**Problem to work on**: Repeat the data below in full. Pictures must not be part of the copy.

**Recorded information**:
BEGIN

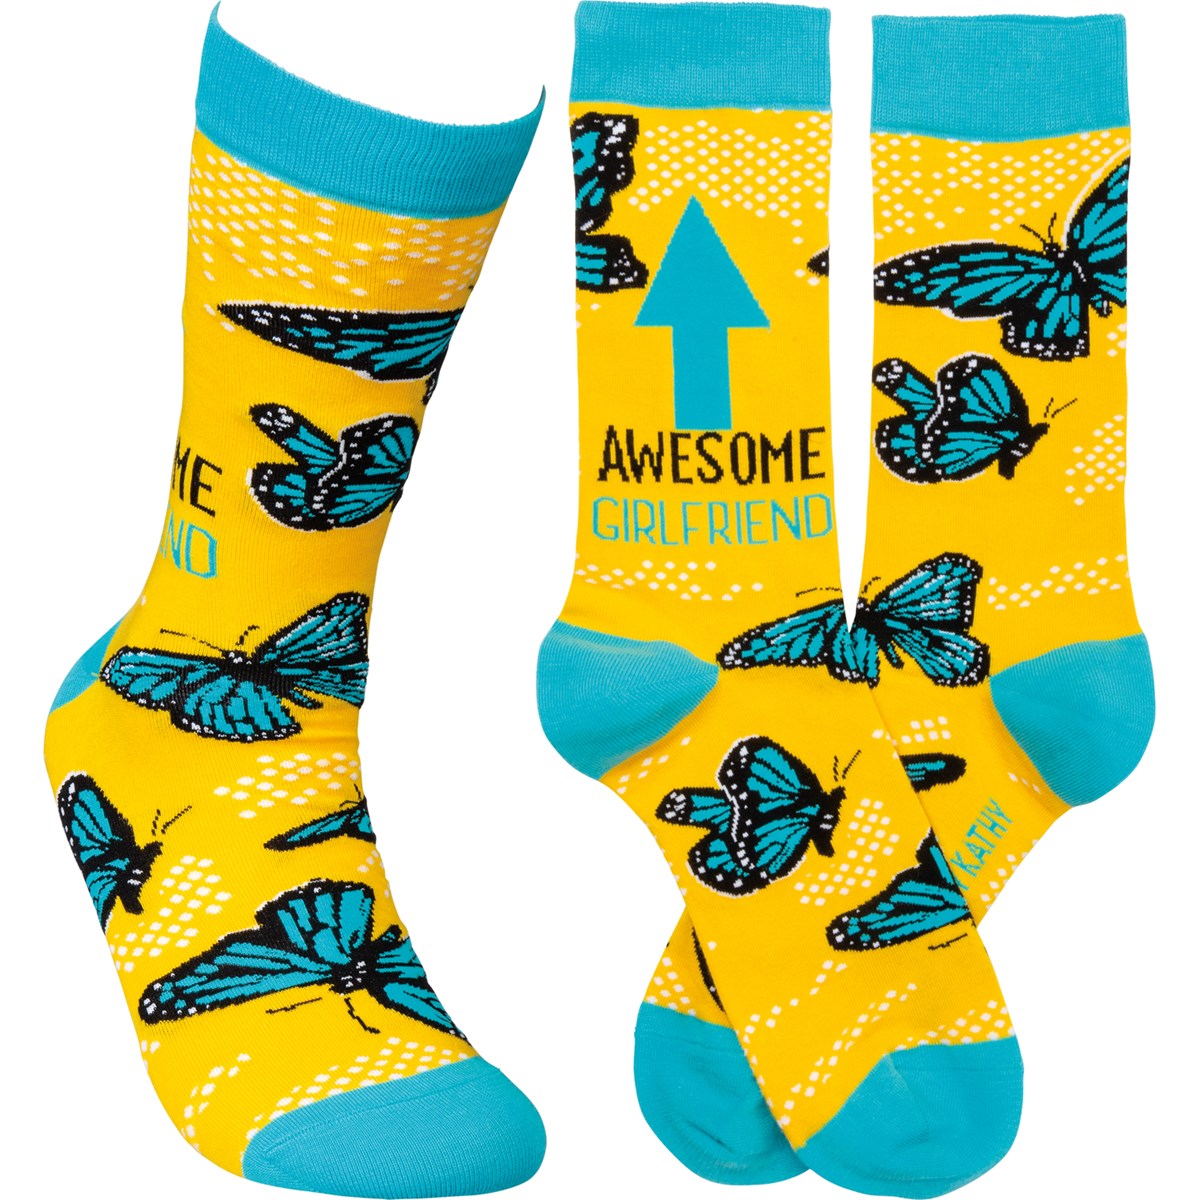 Awesome Girlfriend Socks - Cotton, Nylon, Spandex
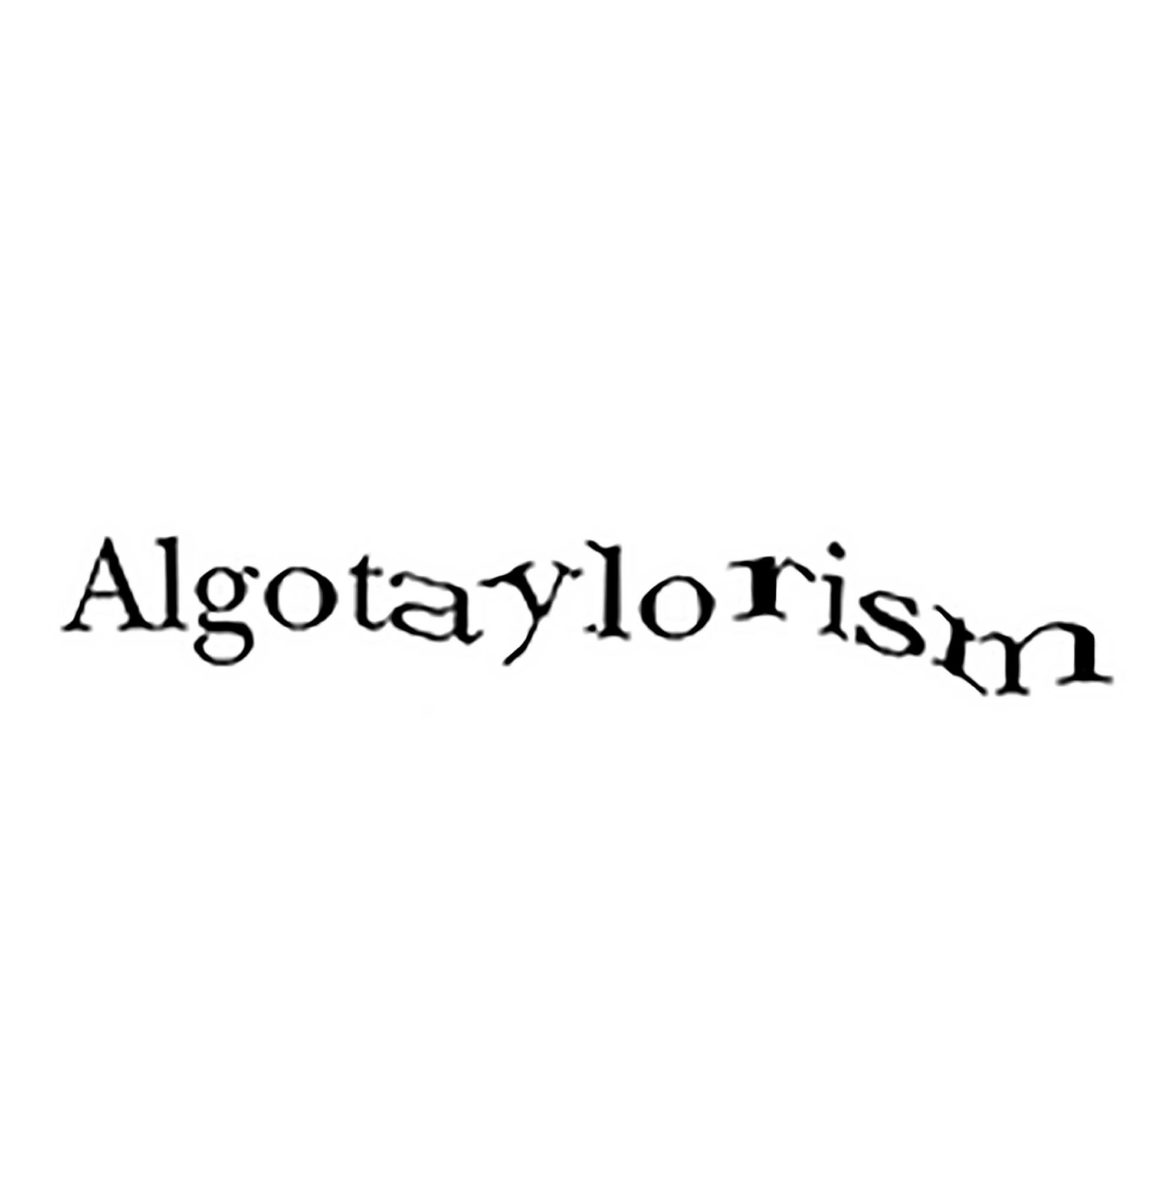 Algotaylorism
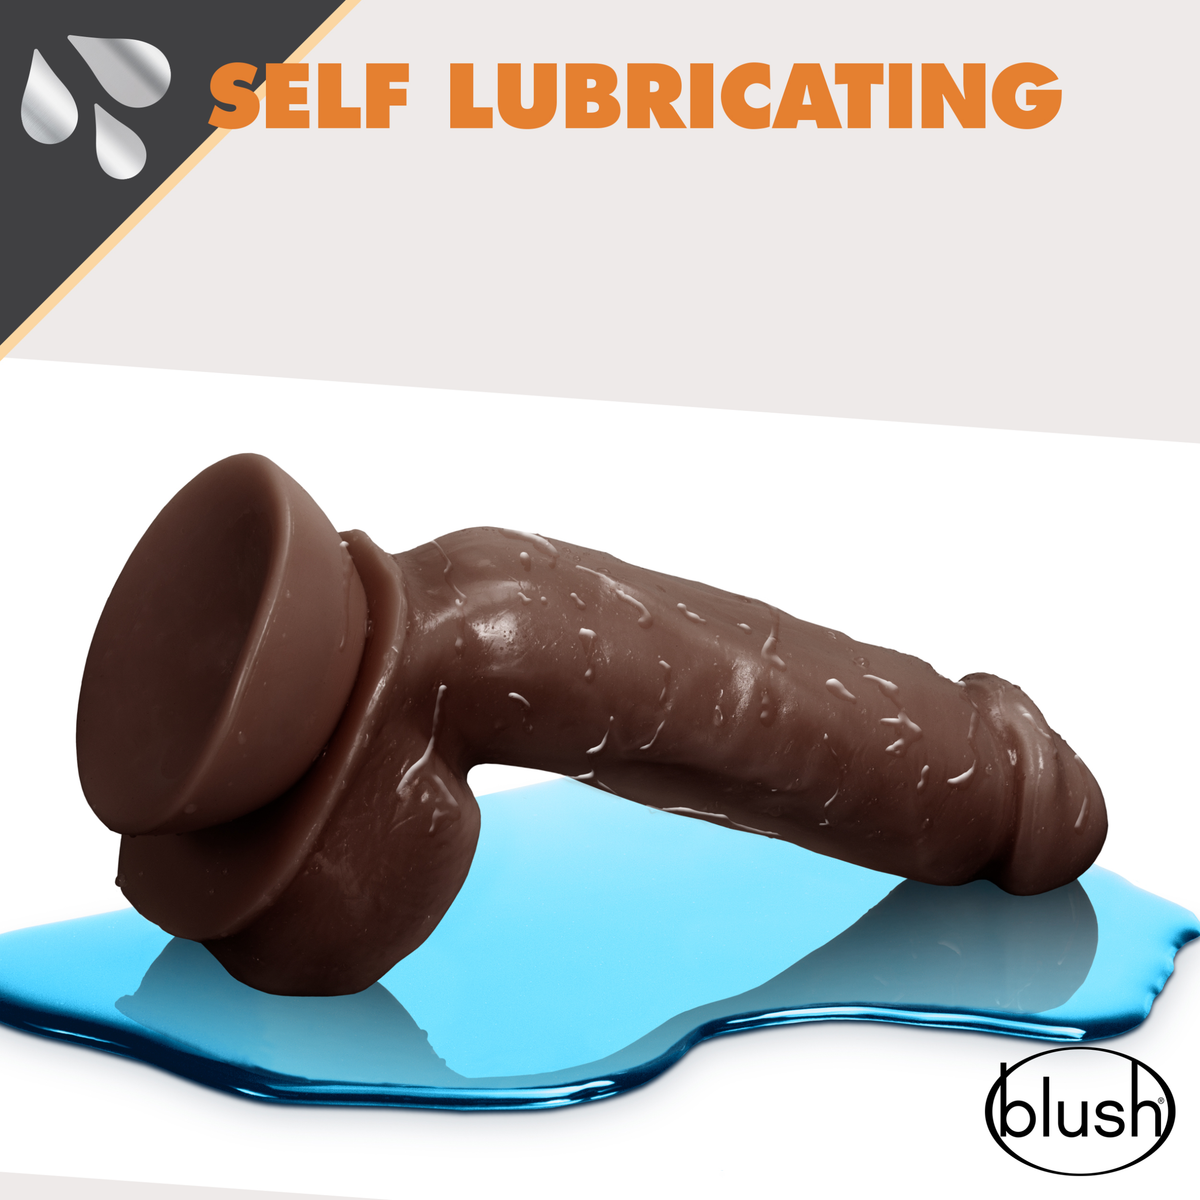 dr skin glide 8 5 inch self lubricating dildo lubricating dildo with balls chocolate

END

**Exercise answer**:
 Awesome Girlfriend Socks - Cotton, Nylon, Spandex
 Algotaylorism
 dr skin glide 8 5 inch self lubricating dildo lubricating dildo with balls chocolate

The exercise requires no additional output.